Materialism views spirit as secondary to matter. Materialists of the 17th–18th centuries. (Hobbes, Locke, La Mettrie) understood D. only as a combination of sensations, a general feeling. Dialectical materialism connects it with the human process. activities. The spiritual is a special, highest result of the material, socio-historical practice of people.
In the philosophy of life, intuitionism, and existentialism, views on the spirit as an irrational phenomenon are spreading, which determines the unlimited creative power of the individual, his ability for free communication (Bergson, Berdyaev, Shestov, Jaspers, Lossky, etc.). Berdyaev believed that the spirit is the divine element in man, manifested in love, kindness, compassion, etc. Consequently, the spirit lies not in objectivity, but in subjectivity. Therefore, no rational concept can be given about it.
SOUL is historically the first term used as a synonym for the term psyche. In the history of philosophy, this concept expressed views on the inner world of man, identified in idealism with a special immaterial substance.

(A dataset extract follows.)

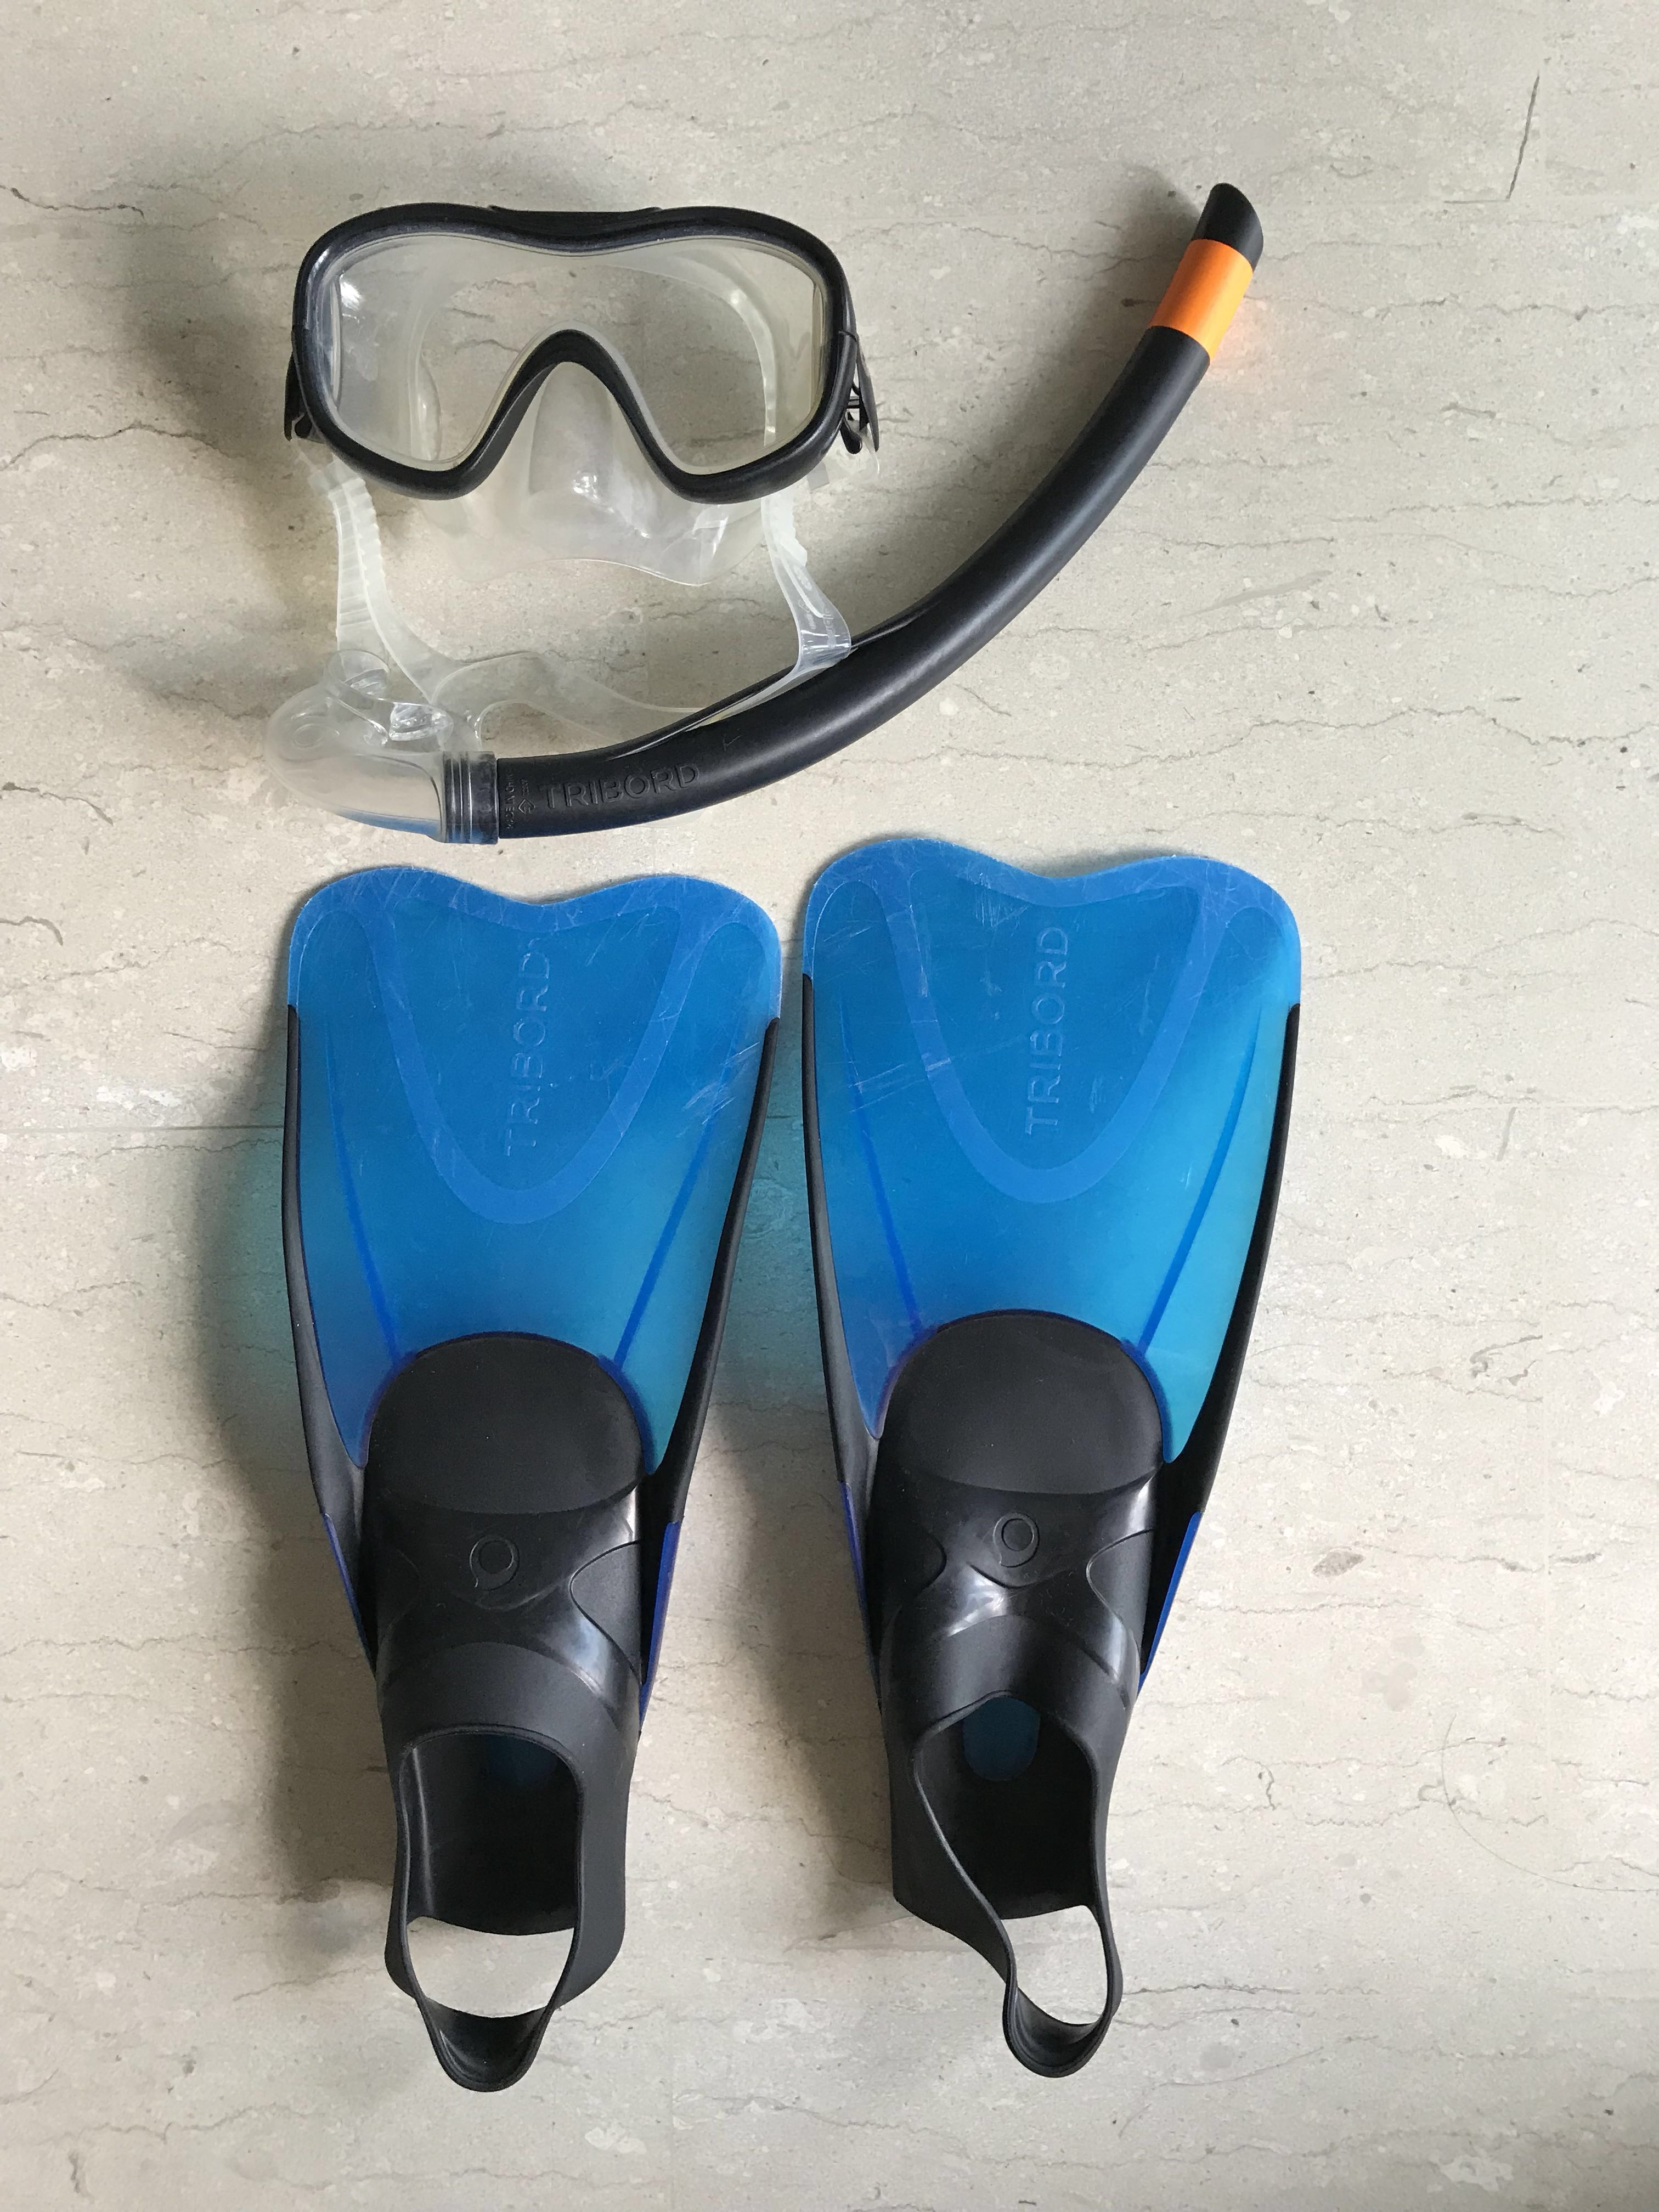 Decathlon snorkeling mask and fins, Sports, Sports & Games Equipment on ...

At the first stages of the development of philosophy, SOUL was considered as an impersonal principle, devoid of the uniqueness and individuality of the human personality. The properties of the soul were associated with the properties of the cosmos: human activity. I had not yet opened my soul.
Thus, for Plato, the human soul is incorporeal, immortal and indestructible, containing three unequal parts (reasonable, volitional and lustful). The human mind connects him with the cosmic spirit - the world of ideas. The task of the soul is to subjugate the physicality and try to earn a better fate in a new body after death. Plato develops the doctrine of the world soul, which connects the world of ideas and the world of things, rules them, and gives creative vitality to the macrocosm. Thus, the macrocosm - the world - is depicted as a perfect living being. According to Plato, the three-component structure of the human soul corresponds to the structure of the soul of the macrocosm. The acquisition of true knowledge is associated with the process of the human soul remembering its stay in the world of ideas.